• [COLLECTED DATA]:
┌──

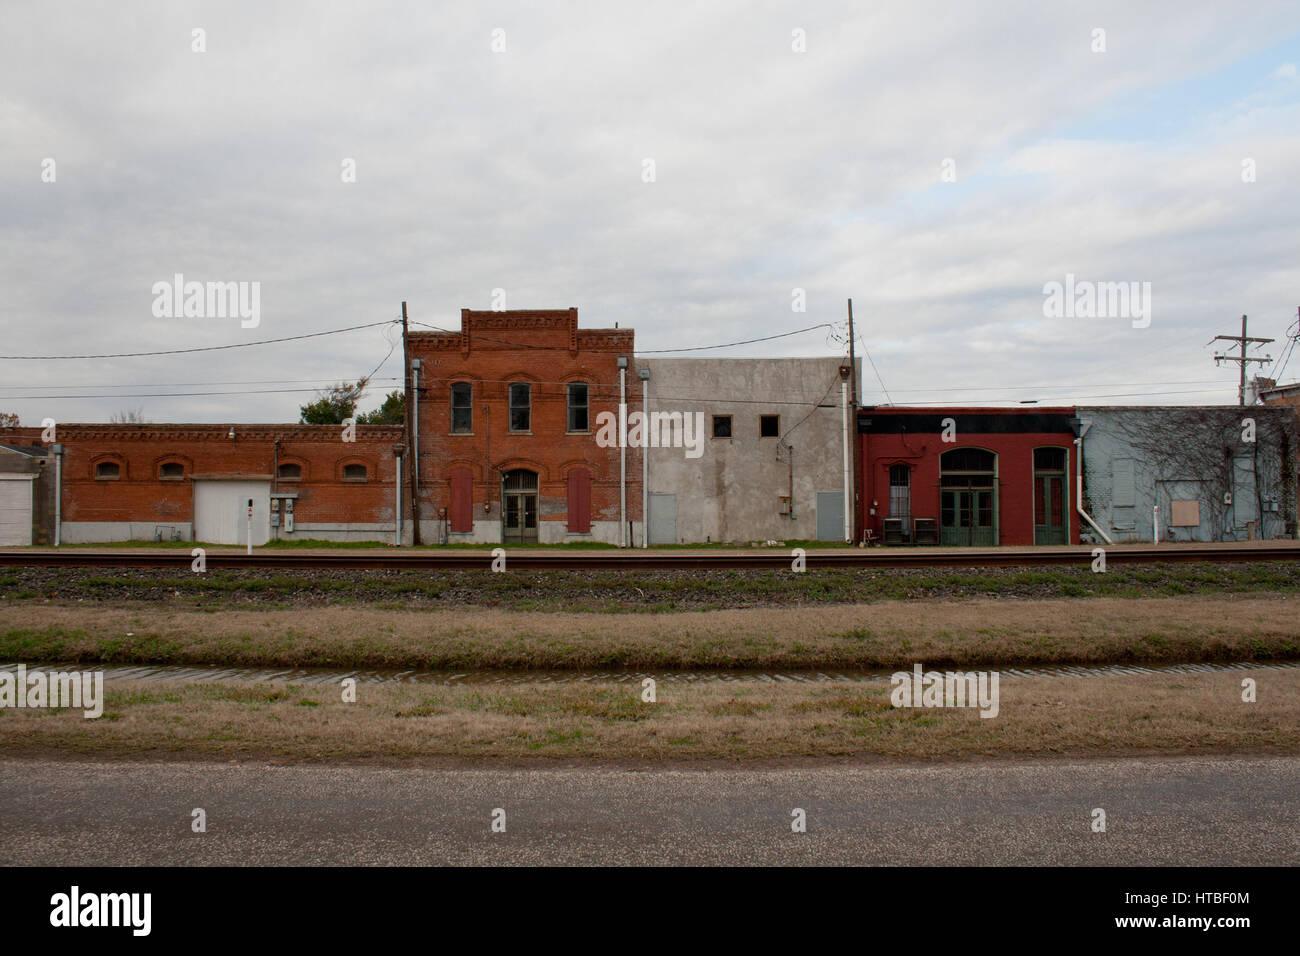 Capeado fachadas de edificios históricos a lo largo de una vía férrea en un pueblo rural en Texas. Foto de stock
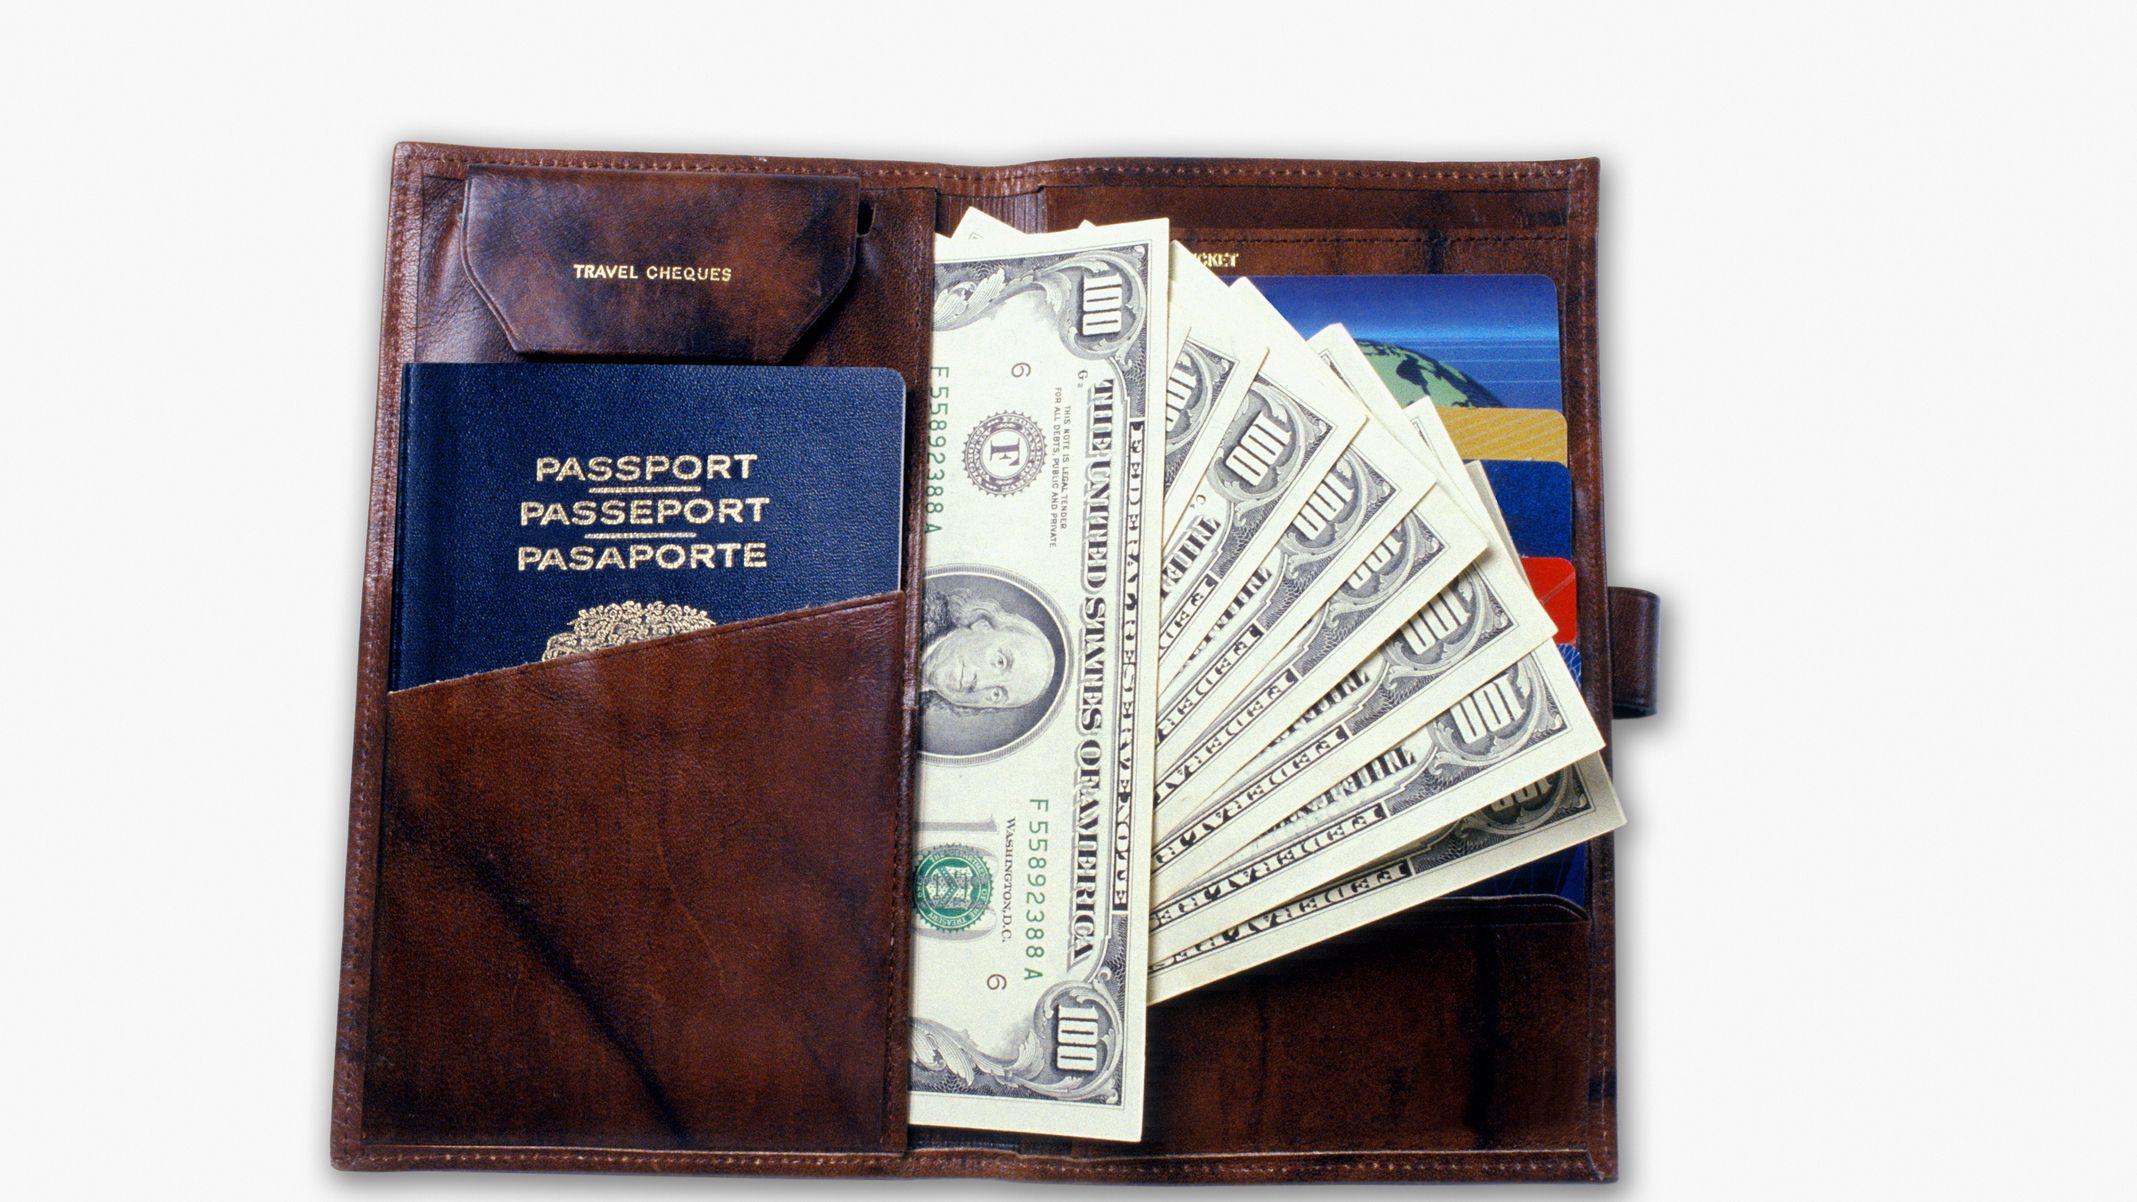 5a8bde14d The 10 Best Passport Holders of 2019
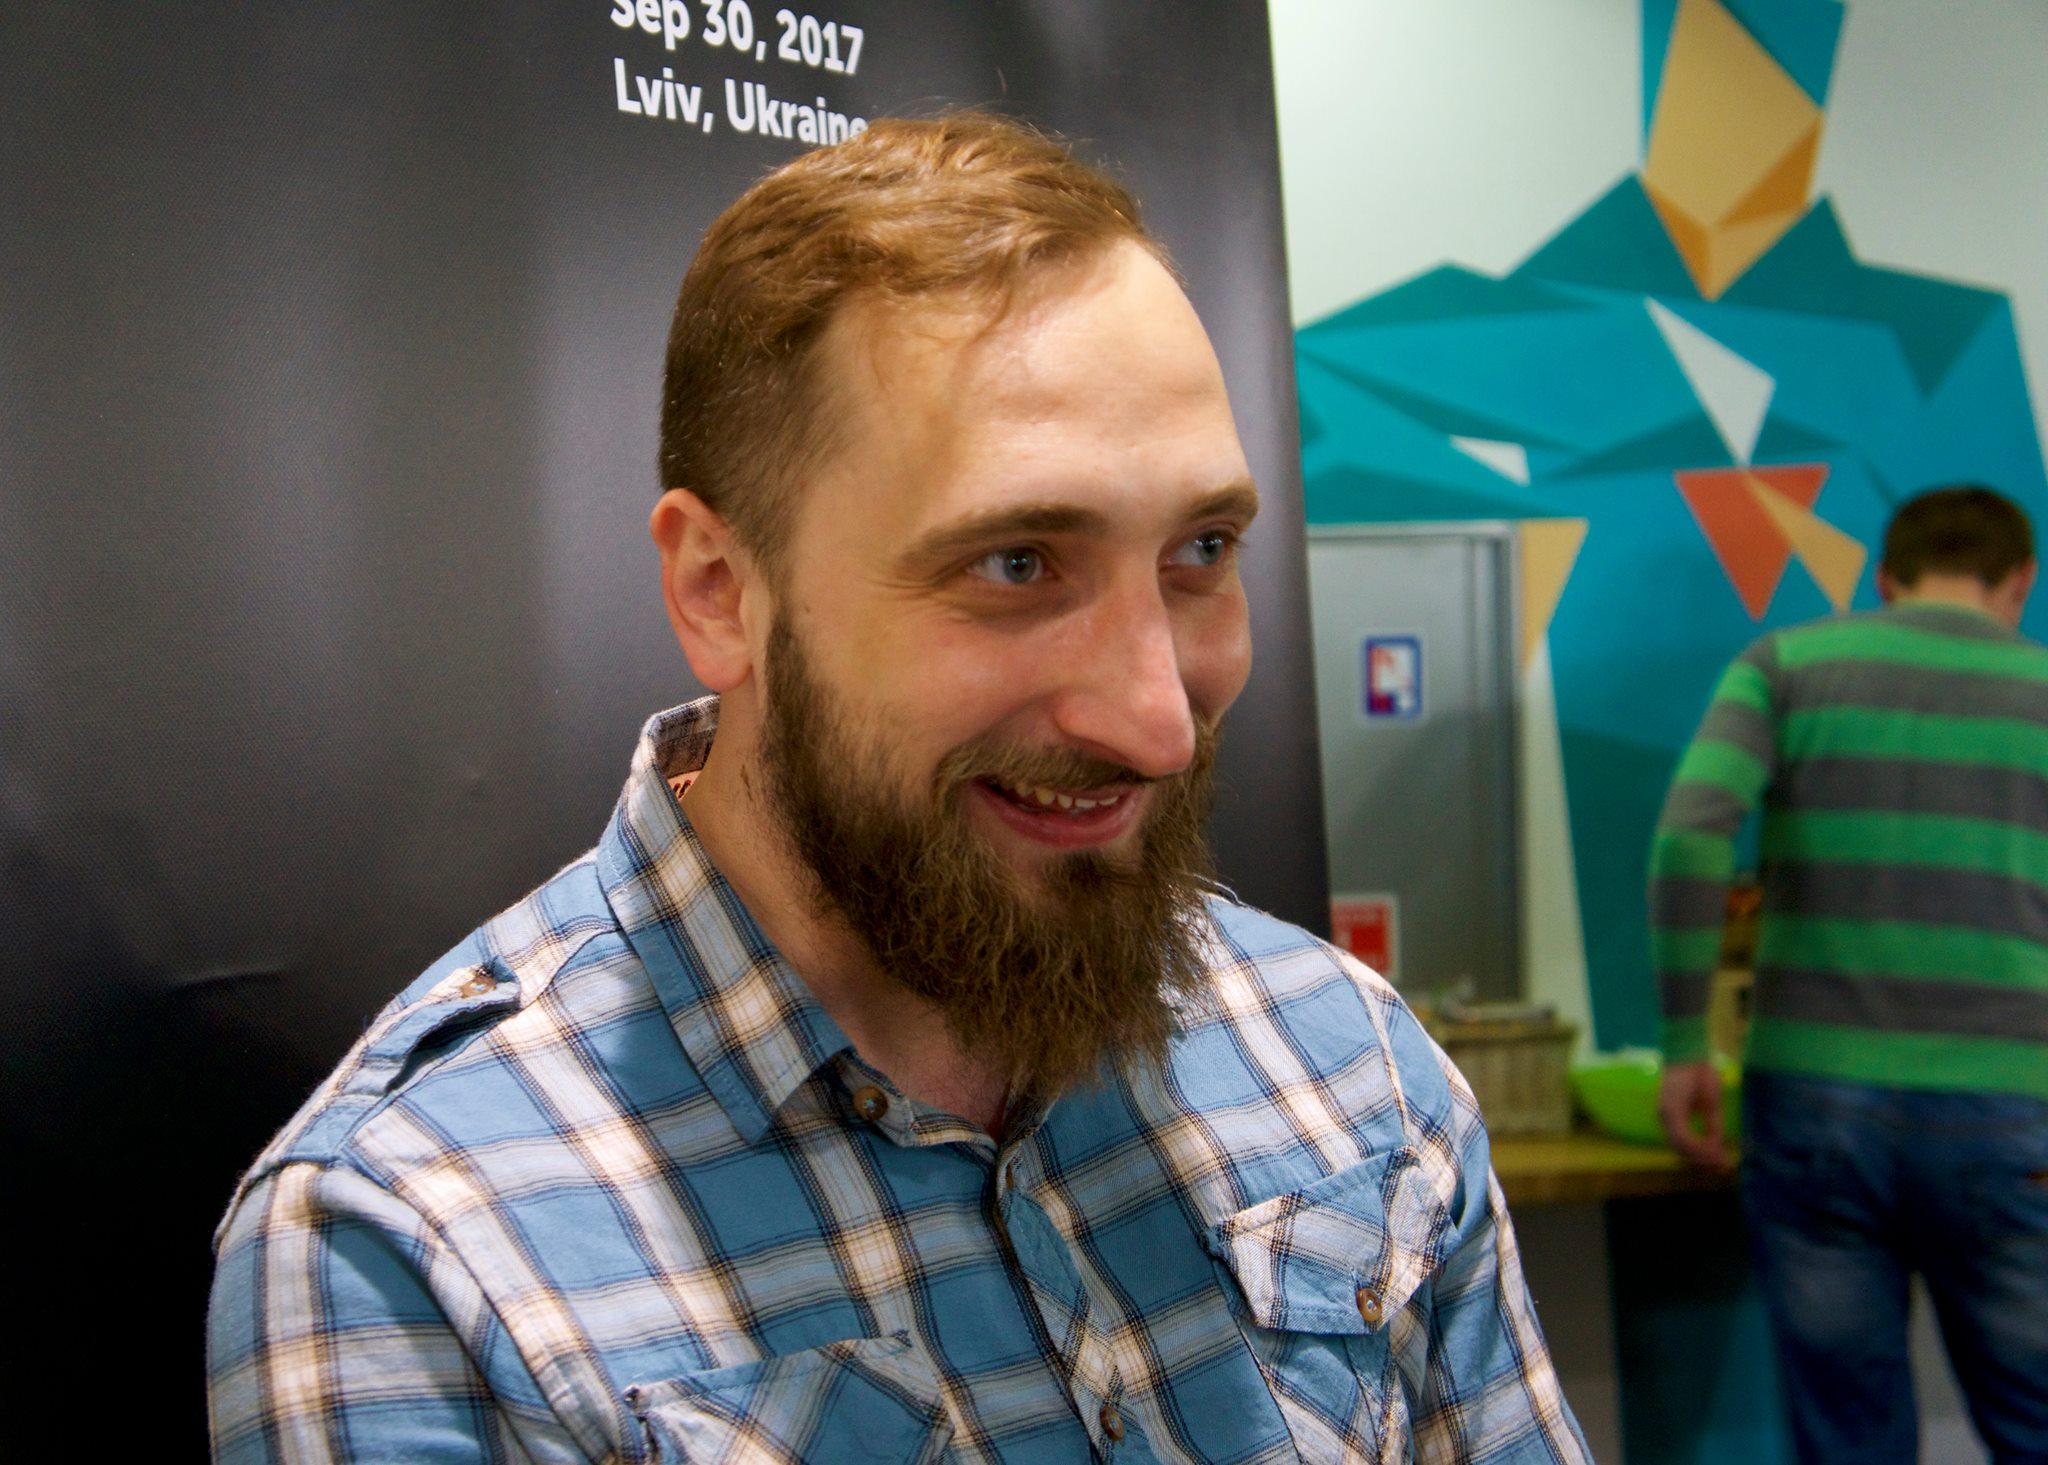 Дмитро Софина, Vinnytsia IT Cluster: «Це — 6-е місто в Україні за кількістю IT-фахівців»
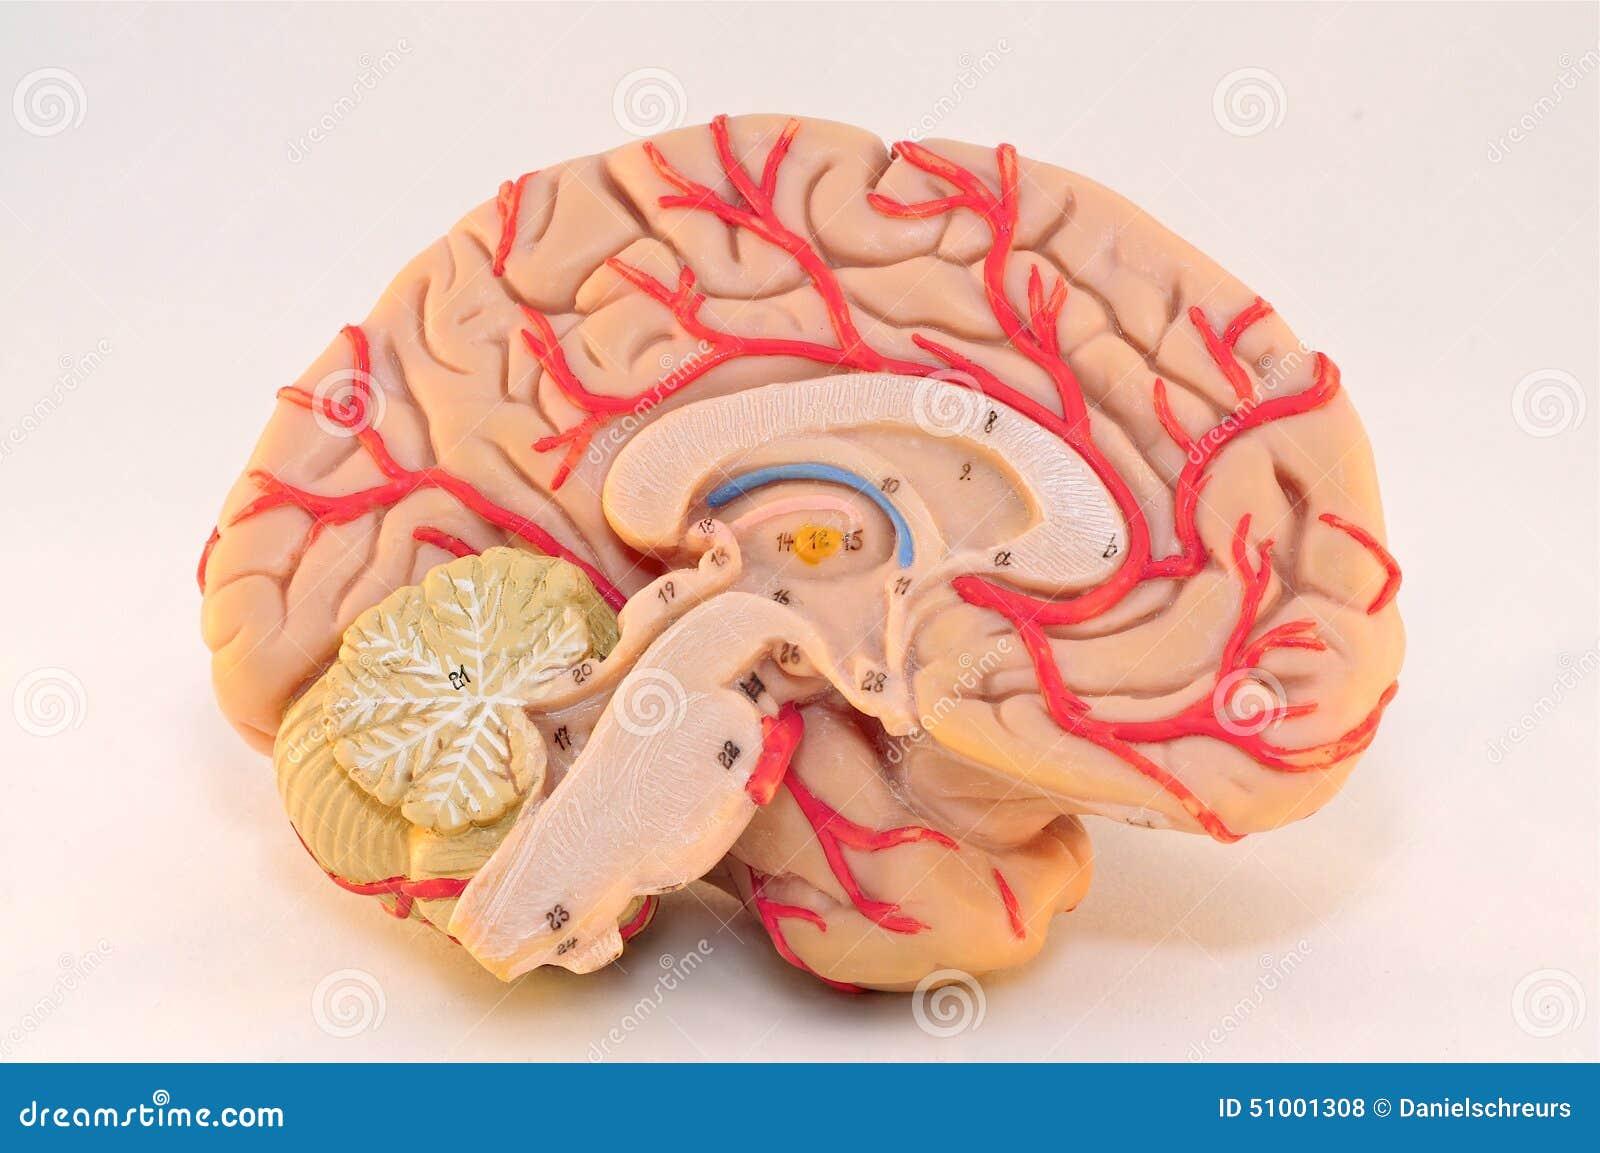 Menschliches Zerebrale Hemisphären-Anatomie-Modell (Mittelansicht ...

└──

• [ASSIGNMENT]:
Everything in the data except the pictures needs to be written out exactly.

• [RESULT OF THIS TASK]:
 Capeado fachadas de edificios históricos a lo largo de una vía férrea en un pueblo rural en Texas. Foto de stock
 5a8bde14d The 10 Best Passport Holders of 2019
 Дмитро Софина, Vinnytsia IT Cluster: «Це — 6-е місто в Україні за кількістю IT-фахівців»
 Menschliches Zerebrale Hemisphären-Anatomie-Modell (Mittelansicht ...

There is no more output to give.